_WHAT TO WORK ON:_ Without any pictures, print the lines below from the one that has "(170224) -- WASHINGTON, 24" through the one that has "framför allt i", exactly and nothing else.

_RECORDED DATA:_
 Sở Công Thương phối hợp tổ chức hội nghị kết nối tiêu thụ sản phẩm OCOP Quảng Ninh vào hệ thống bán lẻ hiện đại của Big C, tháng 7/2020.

--

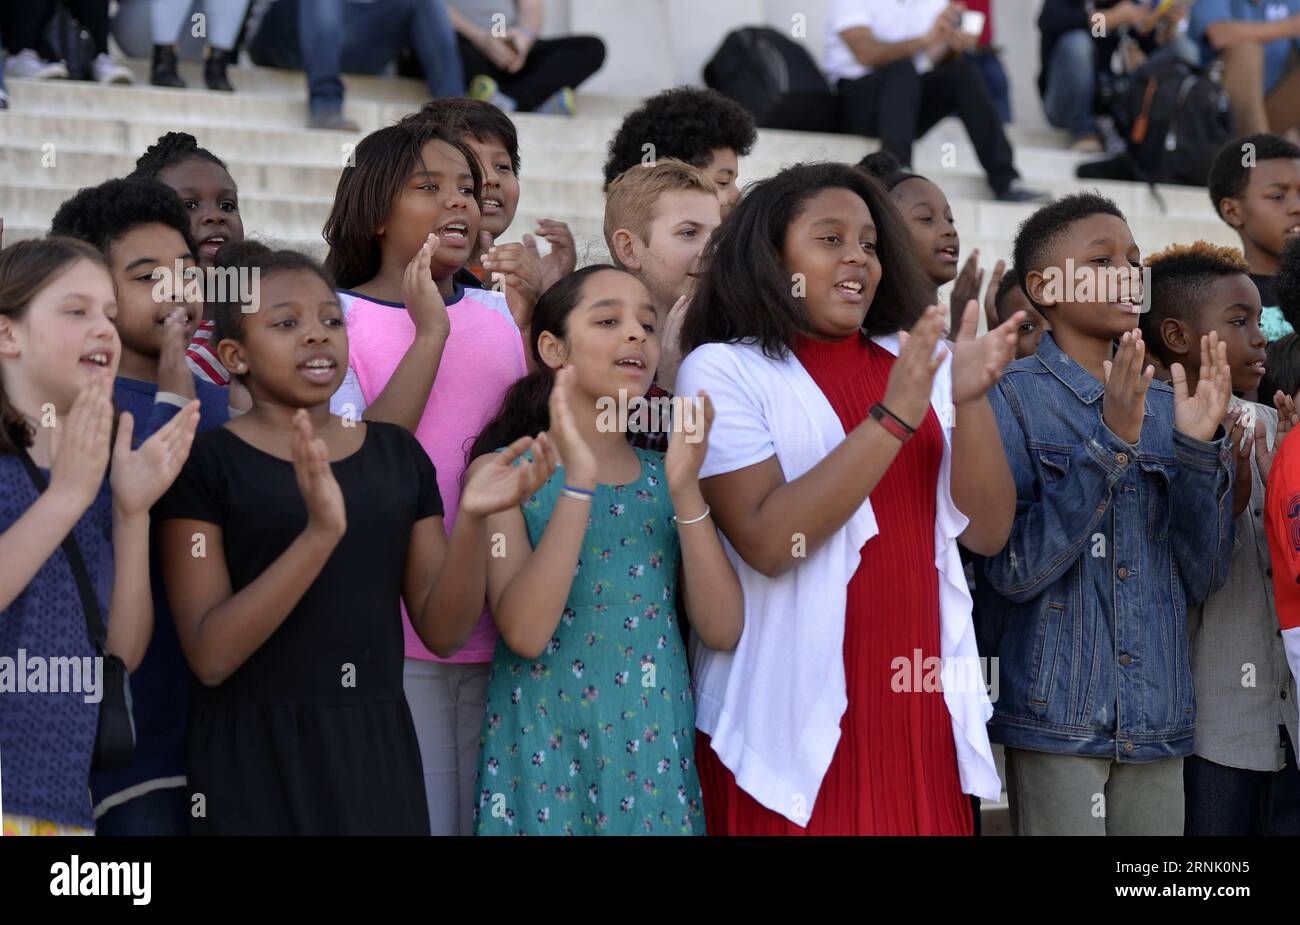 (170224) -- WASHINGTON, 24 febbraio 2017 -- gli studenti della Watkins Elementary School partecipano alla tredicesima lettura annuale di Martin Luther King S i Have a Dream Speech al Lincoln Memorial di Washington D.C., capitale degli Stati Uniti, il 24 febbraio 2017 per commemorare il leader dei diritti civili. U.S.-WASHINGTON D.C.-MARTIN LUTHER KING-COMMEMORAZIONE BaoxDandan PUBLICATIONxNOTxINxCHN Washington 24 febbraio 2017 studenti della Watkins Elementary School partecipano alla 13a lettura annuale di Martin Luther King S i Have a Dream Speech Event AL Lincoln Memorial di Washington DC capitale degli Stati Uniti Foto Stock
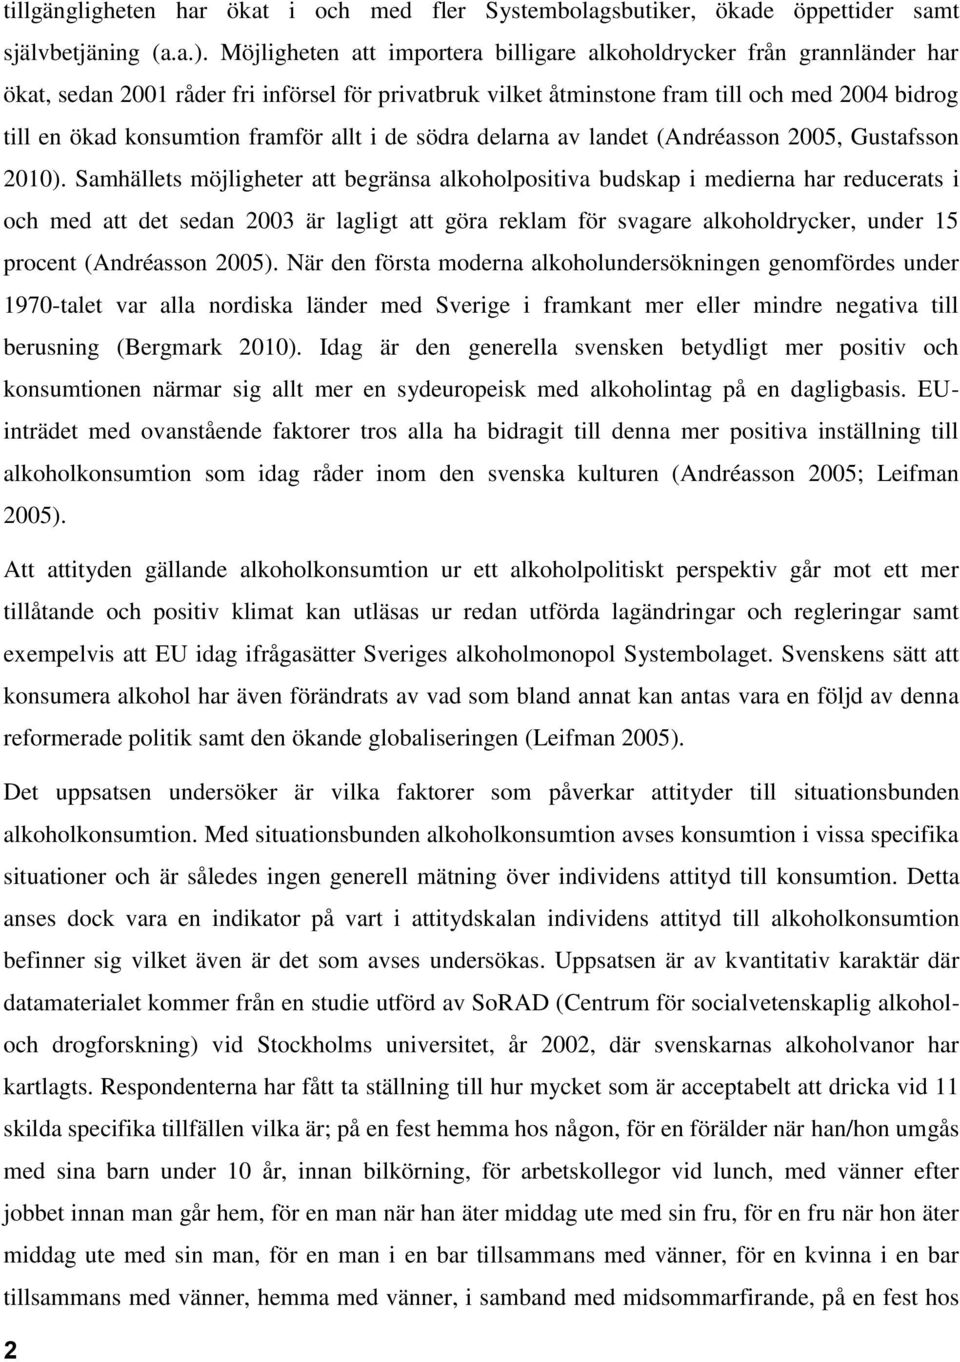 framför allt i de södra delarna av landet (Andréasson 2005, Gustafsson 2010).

_RESULT FOR THIS EXERCISE:_
 (170224) -- WASHINGTON, 24 febbraio 2017 -- gli studenti della Watkins Elementary School partecipano alla tredicesima lettura annuale di Martin Luther King S i Have a Dream Speech al Lincoln Memorial di Washington D.C., capitale degli Stati Uniti, il 24 febbraio 2017 per commemorare il leader dei diritti civili. U.S.-WASHINGTON D.C.-MARTIN LUTHER KING-COMMEMORAZIONE BaoxDandan PUBLICATIONxNOTxINxCHN Washington 24 febbraio 2017 studenti della Watkins Elementary School partecipano alla 13a lettura annuale di Martin Luther King S i Have a Dream Speech Event AL Lincoln Memorial di Washington DC capitale degli Stati Uniti Foto Stock
 framför allt i de södra delarna av landet (Andréasson 2005, Gustafsson 2010).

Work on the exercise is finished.